Występujemy wspólnie jako organizacje społeczeństwa obywatelskiego przekonane, że zabójstwo Daphne Caruany Galizii to wyjątkowo wstrząsający przykład skutków tzw. SLAPP; przerażający tym bardziej, że po śmierci dziennikarki sprawy sądowe kontynuowano przeciwko jej mężowi i trzem synom. Skrót SLAPP oznacza: Strategic Lawsuit Against Public Participation, czyli strategiczna akcja prawna przeciwko udziałowi w życiu publicznym. Jest to forma prawnego nękania i zastraszania autorów krytyki, aby ich zmusić do milczenia. Drogie i pozbawione skrupułów firmy prawnicze oferują usługę „psa gończego” potężnym i bogatym osobnikom, których stać na prawne gnębienie krytyków przez całe lata, aby publiczną kontrolę swoich poczynań udaremnić.
Kontrola ta stanowi jednak krwiobieg zdrowego społeczeństwa demokratycznego. Europejski Trybunał Praw Człowieka oraz sądy krajowe i regionalne konsekwentnie i dobitnie podkreślają w swoich orzeczeniach ważną rolę, jaką wolna prasa, a szerzej – społeczeństwo obywatelskie – odgrywa w pociąganiu potężnych ludzi i instytucji do odpowiedzialności. Trybunał i sądy w orzeczeniach tych stwierdzają, że państwa mają obowiązek tworzyć środowisko instytucjonalne zapewniające wolność słowa. Bez niej bowiem demokracja słabnie i umiera.
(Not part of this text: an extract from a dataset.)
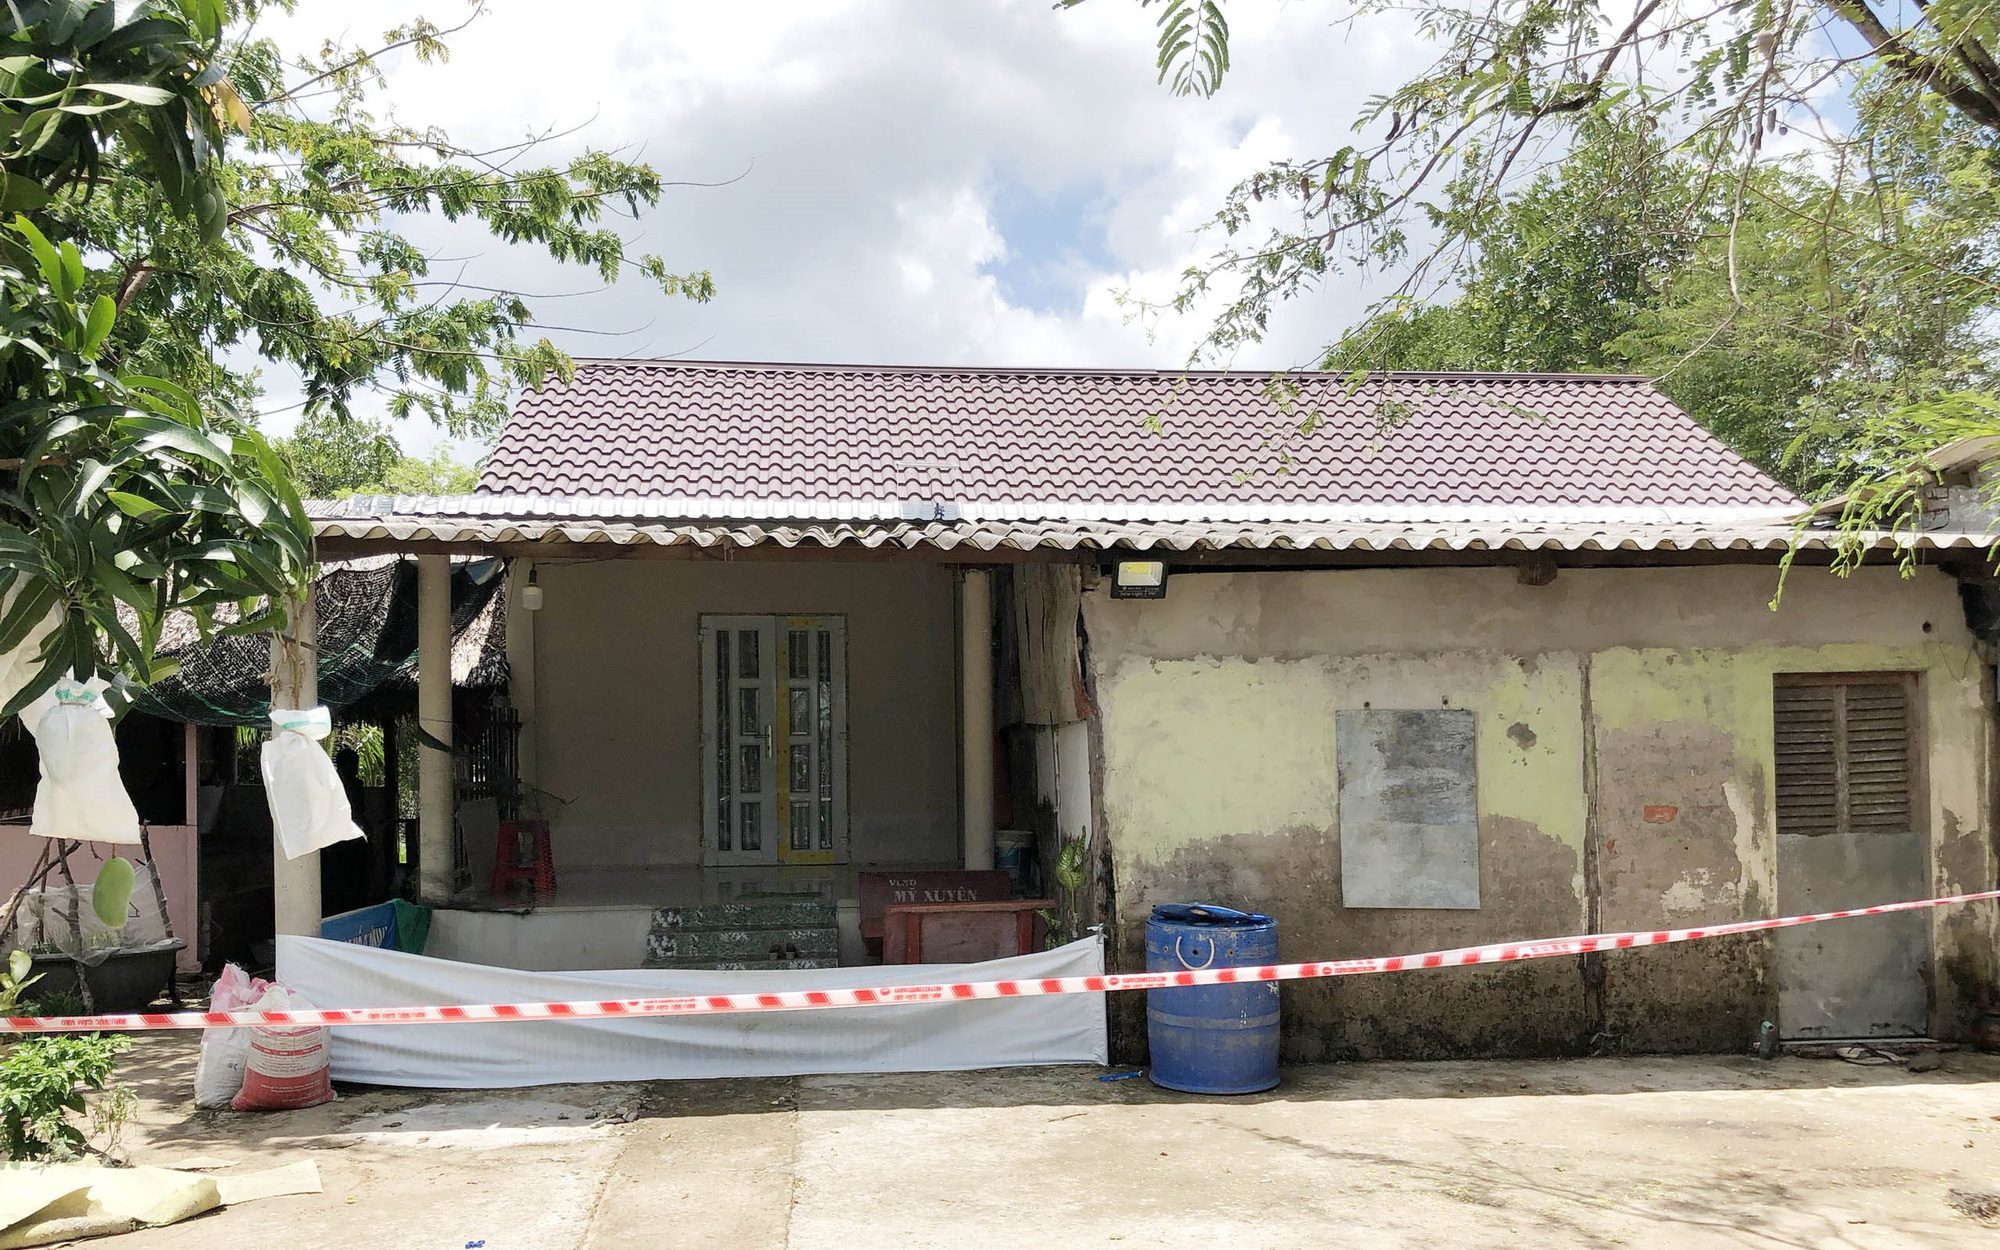 Vụ thảm án 3 người trong gia đình tử vong ở Cà Mau: Nghi can có dấu hiệu tự tử

Luki w naszym prawie, które pozwalają ludziom mającym władzę wymuszać na krytykach uległość, stanowią w istocie wielką wyrwę w europejskiej demokracji. Przykładów takich nadużyć jest wiele. Od 2015 roku „Gazeta Wyborcza”, drugi co do zasięgu dziennik w Polsce, dostała już ponad 55 pozwów i wezwań prawnych wystosowanych przez wiele osób i instytucji, w tym przez partię rządzącą. Francuski biznesmen Vincent Bolloré i spółki z jego Bollore Group zasypują dziennikarzy i organizacje pozarządowe (NGO) pozwami o ochronę dóbr osobistych, żeby powstrzymać krytyczne rewelacje dotyczące jego interesów w Afryce. Hiszpańska firma przetwórstwa mięsnego Coren żąda odszkodowań na sumę 1 mln euro od aktywisty na rzecz ochrony środowiska naturalnego za to, że zdemaskował jej praktyki zarządzania odpadami. Wcześniej Coren groziła działaczom ekologicznym i naukowcom, którzy badali poziom azotanów w zużytej przez nią wodzie.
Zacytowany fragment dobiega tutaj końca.